The English Patient. I read this book initially because of the movie. And of course I only wanted to see the movie because Ralph Fiennes was in it. Not the type of guy 15 year olds typically dream about, but I wasn’t a typical 15 year-old. He was serious, brooding, mysterious. The English Patient was one of the first “adult” book I ever read…it marked the point of distinction between what I read as a child and what I would read as an adult. I’ve come back to it countless times since, and each time I see myself in different places in the book. When I first read it I was head over heels about someone and saw myself as Almasy…I got where he was coming from.

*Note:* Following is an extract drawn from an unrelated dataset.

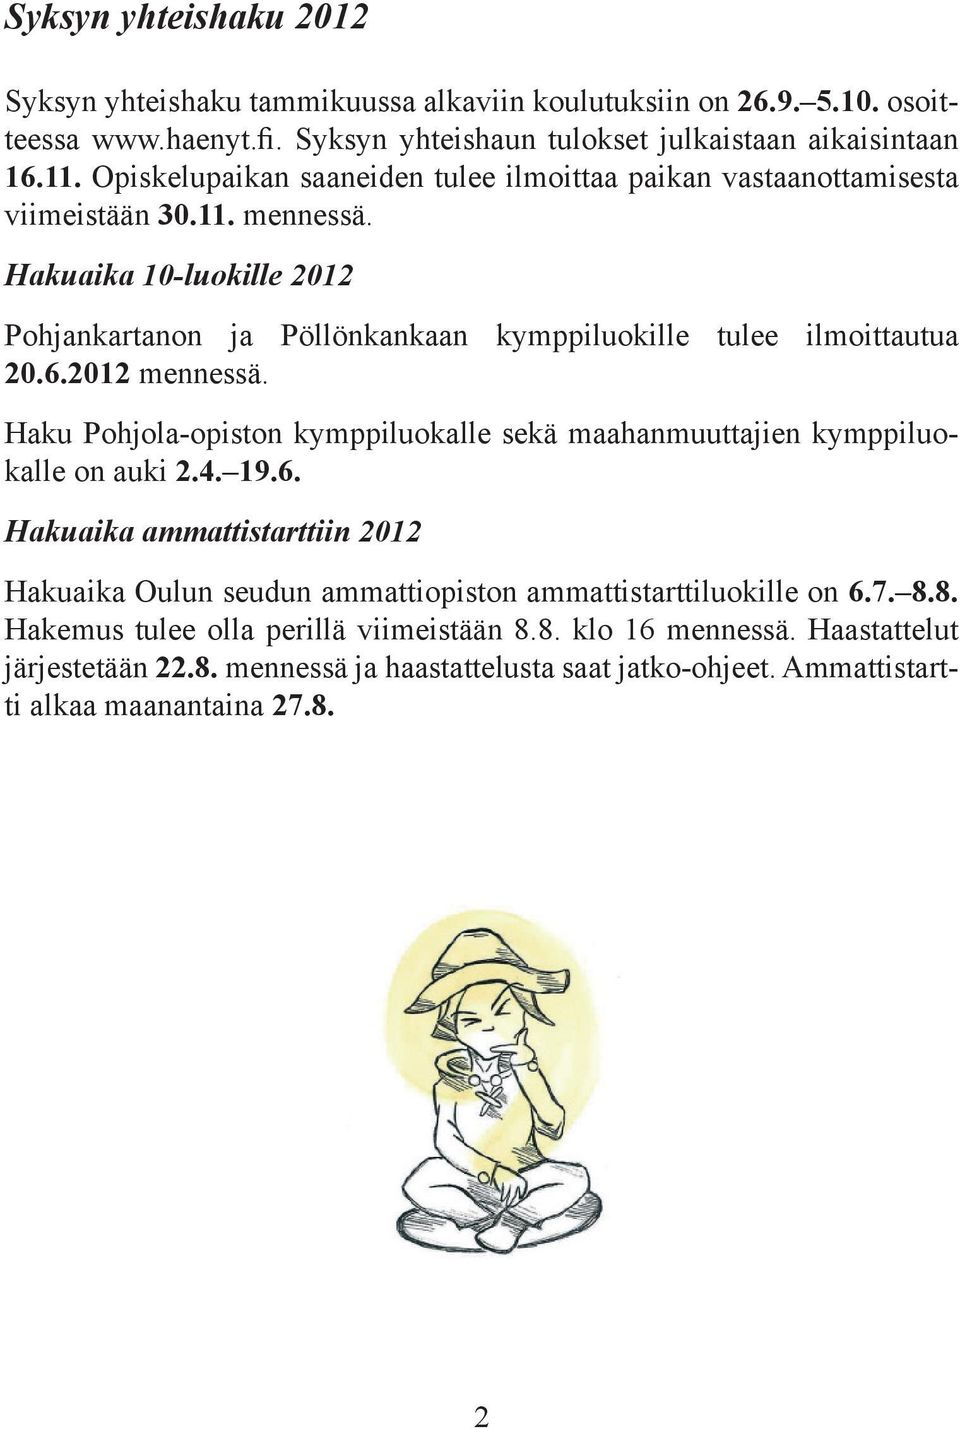 Hakuaika 10-luokille 2012 Pohjankartanon ja Pöllönkankaan kymppiluokille tulee ilmoittautua 20.6.2012 mennessä.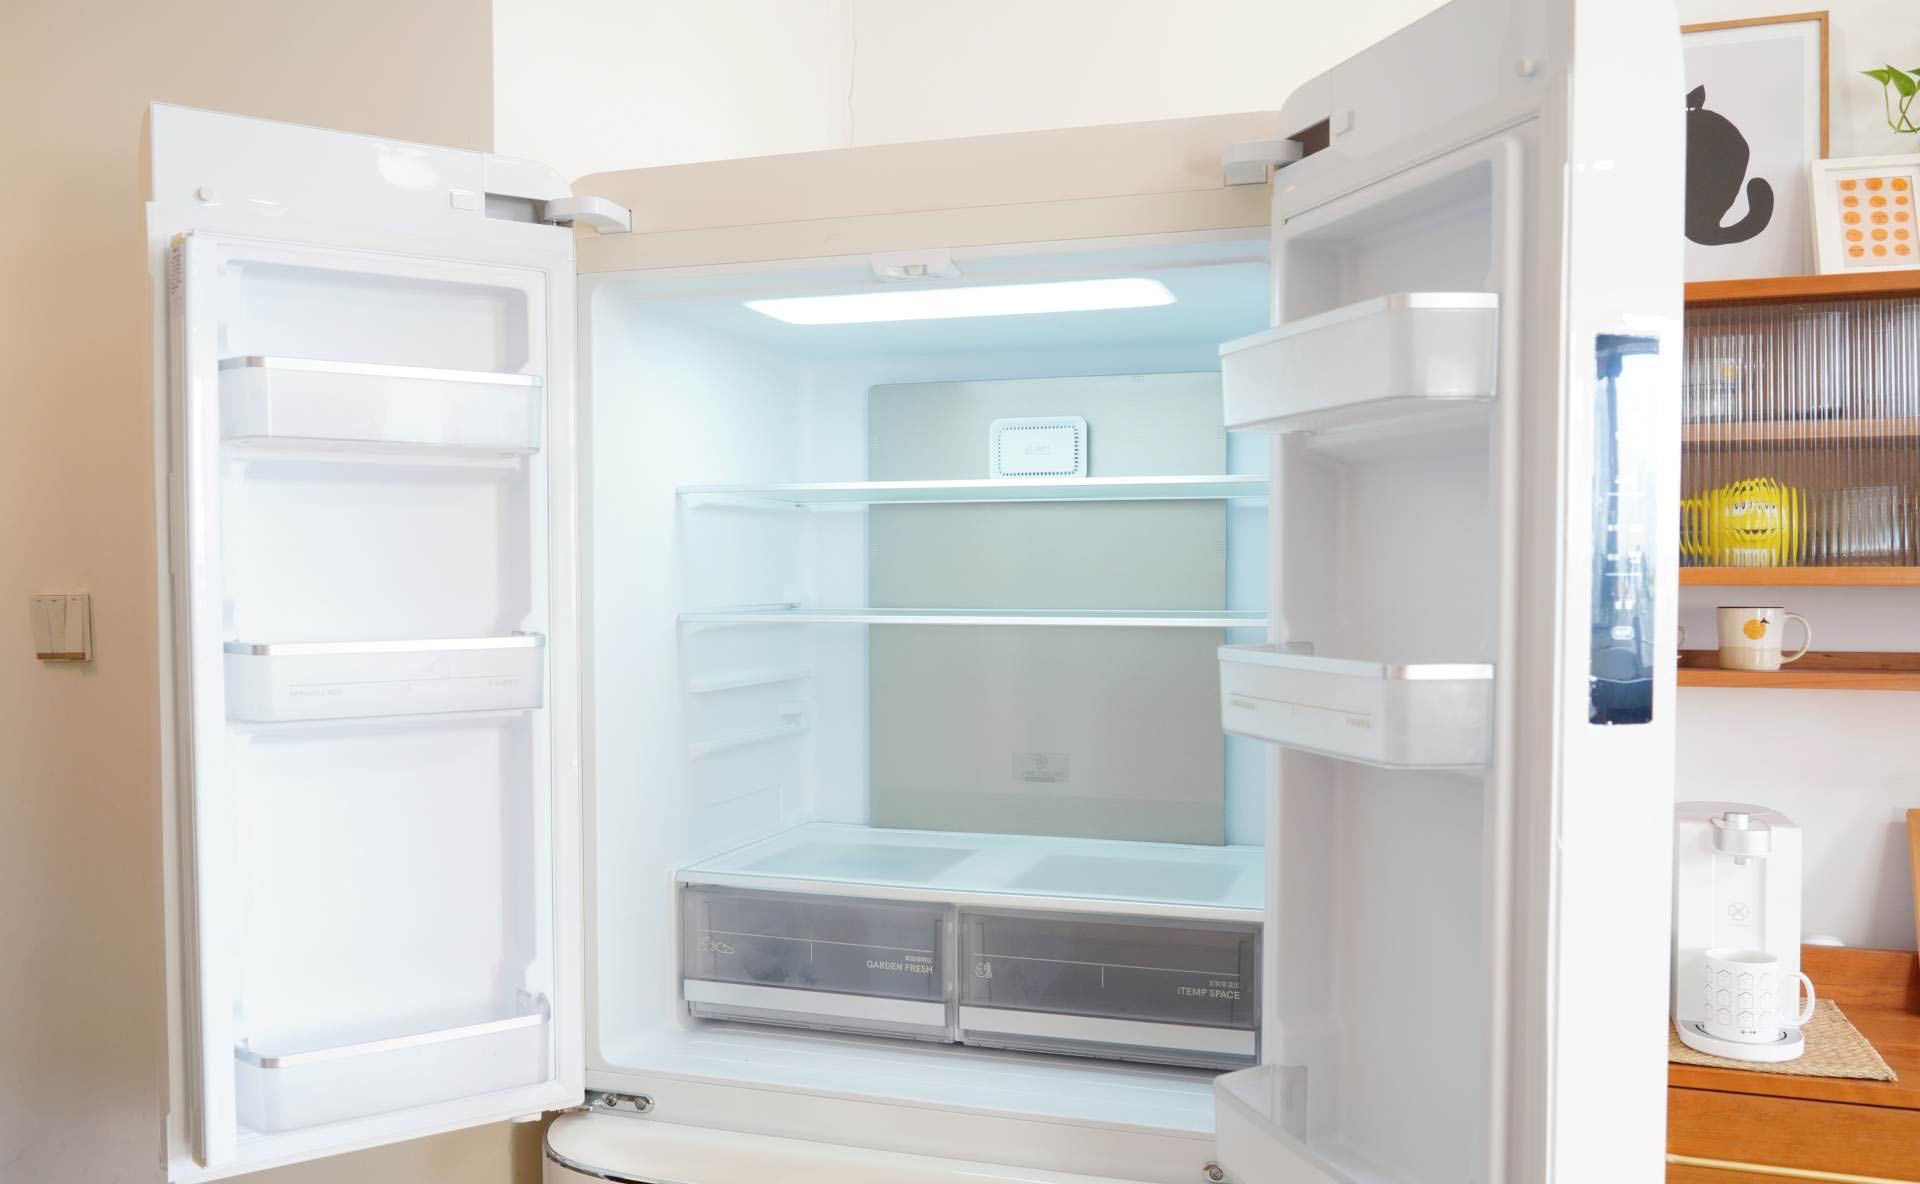 Review nhanh mẫu tủ lạnh gia đình phong cách retro đẹp ngang ngửa Smeg mà giá thì chưa đến một nửa - Ảnh 5.

When I was in the Dominik situation (see above), and didn’t want to admit to myself that we weren’t going to be together beyond the end of the semester (he was going back to Germany), I read it and saw us clearly as Hana and Kip. The scene at the end where Kip is back in India and has a daughter and something she does reminds him of Hana…that thought really brought me to accept the situation for what it was and move on. A few years later, I had clearly become Katherine Clifton, in a situation I don’t want to discuss here (though one that turned out much better than the one in the novel). This book has helped me through a lot of stuff. Beyond that, Ondaatje is an amazing writer, and I cannot praise this novel enough for its poetry. It’s another one that I’ve beat up, underlined, dog-eared, and otherwise made my own.
and, of course,
On the Road. I bought this book 13 years ago. It’s so beat up that I had to put packing tape all over it so the cover wouldn’t fall off. I have taken this book EVERYWHERE with me…after all, I think I’ve read it 10 times or so. The bookmark that’s in it is a candy wrapper from 12th grade (1998 probably). I got my senior pictures taken with it. It pages smell like incense because for a long time I kept all my incense on top of the book. There are notes and underlining and all the good stuff that comes with a well loved book. I don’t know where I’d be without it. Expect many more posts about Kerouac coming up...I'm working on a potentially massive project.